I want to do something like:
using CSV
csvFile = CSV.File(infile)
for row in csvFile
# do stuff with row
end
However, on Windows 10, Julia v1.1.1, I’m getting this error during CSV.File
:
ERROR: could not create file mapping: The operation completed successfully.
Stacktrace:
[1] error(::String) at .\error.jl:33
[2] #mmap#1(::Bool, ::Bool, ::Function, ::Mmap.Anonymous, ::Type{Array{UInt64,1}}, ::Tuple{Int64}, ::Int64) at C:\cygwin\home\Administrator\buildbot\worker\package_win64\build\usr\share\julia\stdlib\v1.1\Mmap\src\Mmap.jl:218
[3] #mmap at .\none:0 [inlined]
[4] #mmap#14 at C:\cygwin\home\Administrator\buildbot\worker\package_win64\build\usr\share\julia\stdlib\v1.1\Mmap\src\Mmap.jl:251 [inlined]
[5] mmap at C:\cygwin\home\Administrator\buildbot\worker\package_win64\build\usr\share\julia\stdlib\v1.1\Mmap\src\Mmap.jl:251 [inlined]
[6] file(::String, ::Int64, ::Bool, ::Int64, ::Nothing, ::Int64, ::Int64, ::Bool, ::Nothing, ::Bool, ::Array{String,1}, ::String, ::Nothing, ::Bool, ::Char, ::Nothing, ::Nothing, ::Char, ::Nothing, ::UInt8, ::Nothing, ::Nothing, ::Nothing, ::Nothing, ::Dict{Int8,Int8}, ::Bool, ::Float64, ::Bool, ::Bool, ::Bool, ::Bool, ::Nothing) at \\W43237\C$\Users\plowman\.julia\packages\CSV\IwqOm\src\CSV.jl:278
[7] #File#20 at \\W43237\C$\Users\plowman\.julia\packages\CSV\IwqOm\src\CSV.jl:158 [inlined]

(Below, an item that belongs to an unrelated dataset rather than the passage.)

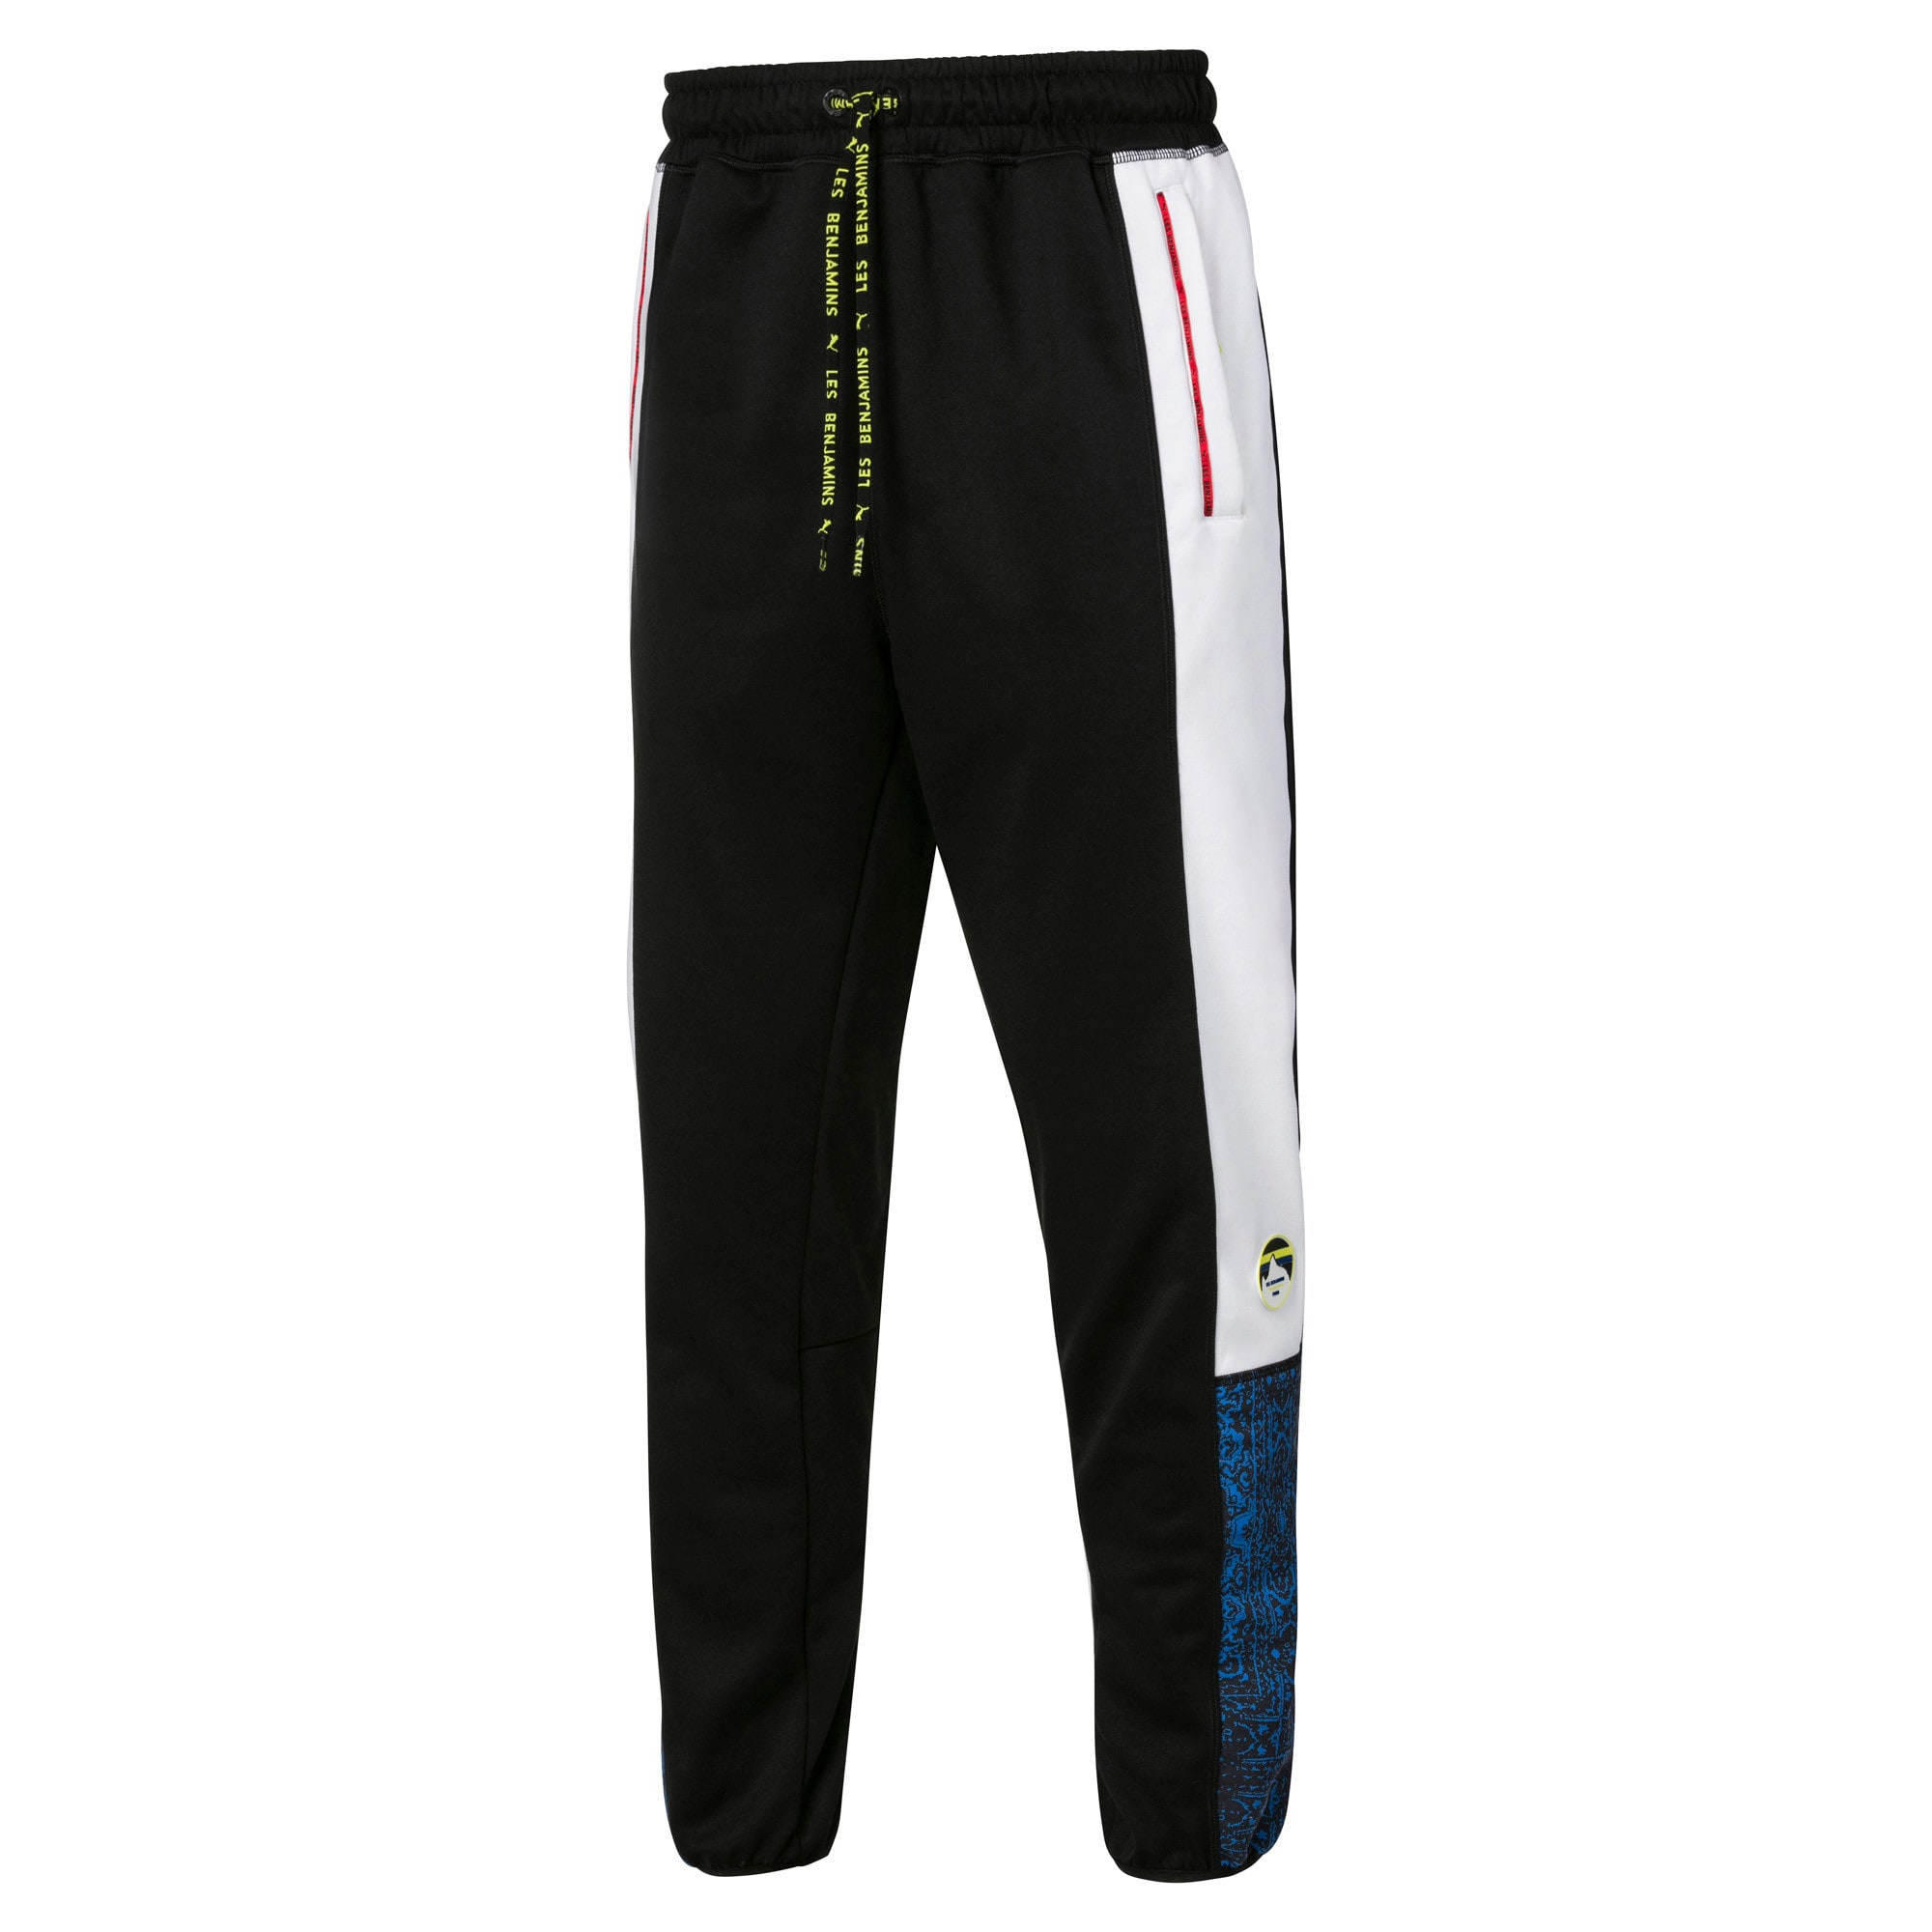 Miniatura 4 de Pantalones deportivos PUMA x LES BENJAMINS para hombre, Puma White, mediano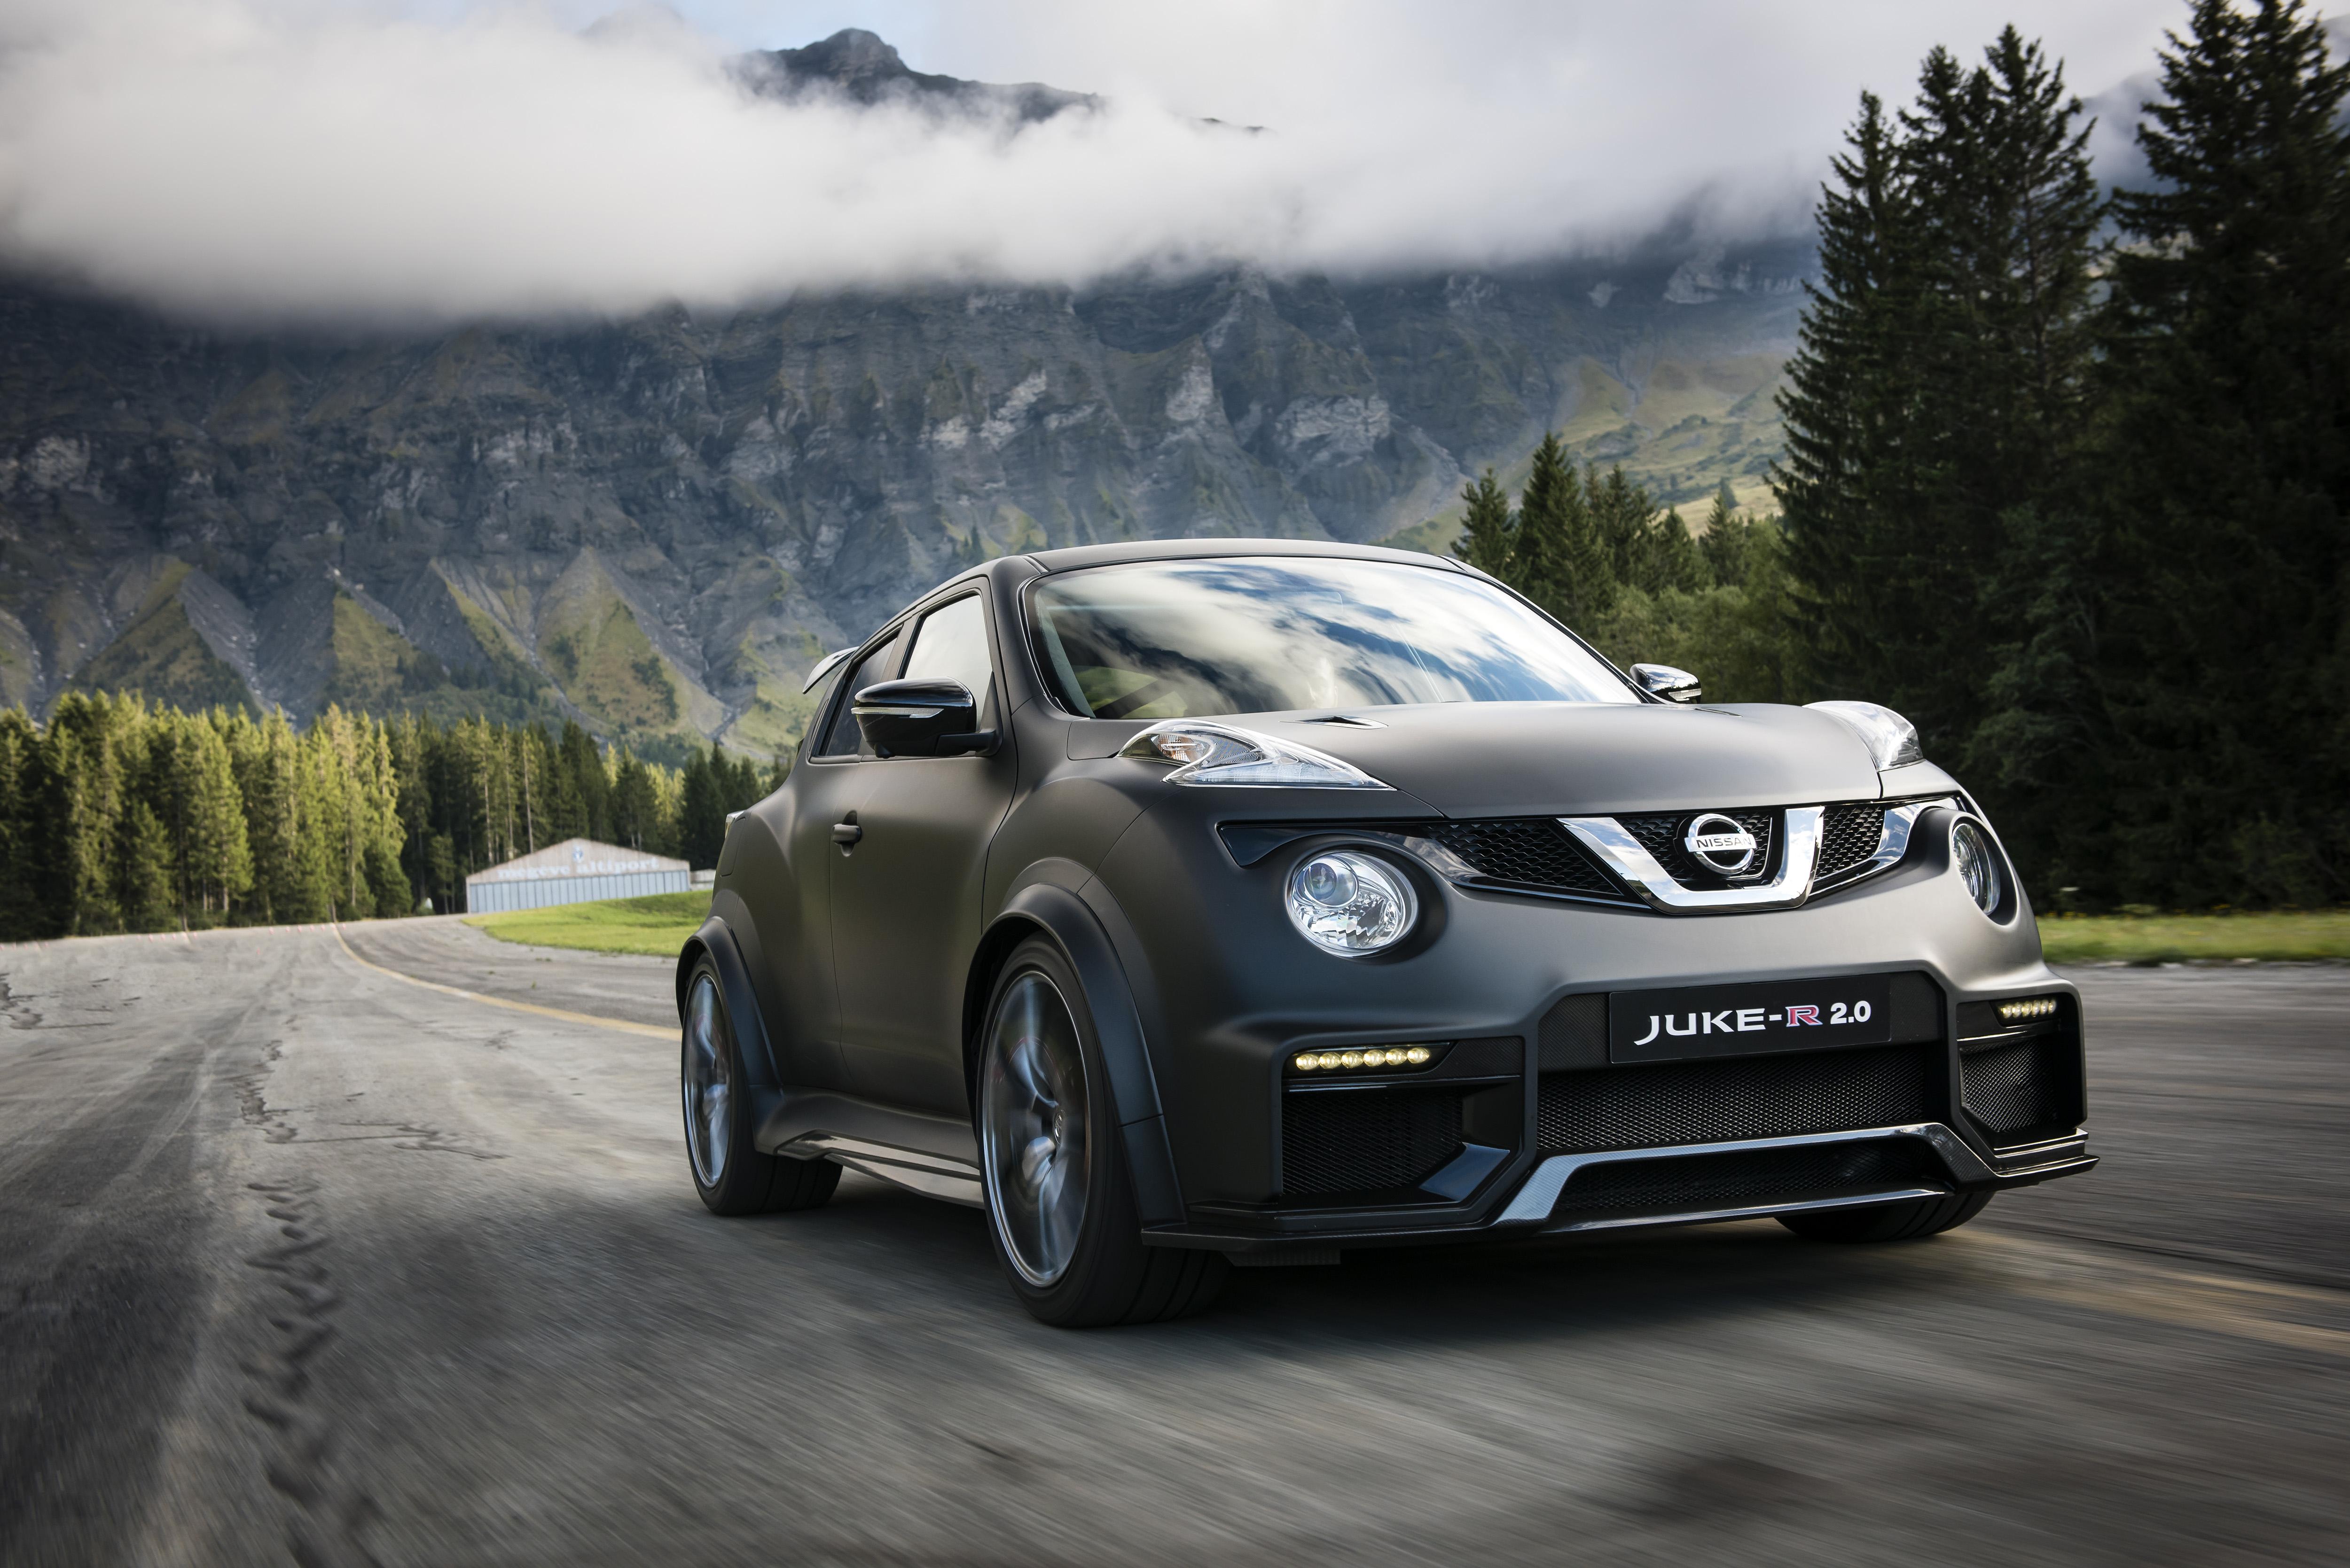 nissan juke 2017 auto plus 2017 2018 best cars reviews. Black Bedroom Furniture Sets. Home Design Ideas

[8] Type at \\W43237\C$\Users\plowman\.julia\packages\CSV\IwqOm\src\CSV.jl:158 [inlined]
[9] top-level scope at .\REPL[5]:6 [inlined]
[10] top-level scope at .\none:0
This is interesting because:
- The error message says the operation completed successfully.
- On Windows, the CSV default is to not use mmap.
A little further investigation shows that the error occurs for large files only. The code below is successful for rows = 10^6, 10^7, 10^8, but fails for rows = 10^9.
cols = 3
for rows in (10^6, 10^7, 10^8, 10^9)
filename = string("test_", rows, "x", cols, ".csv")
df = DataFrame(rand(rows, cols))
println("Writing ", filename)
CSV.write(filename, df)
CSV.File(filename)
end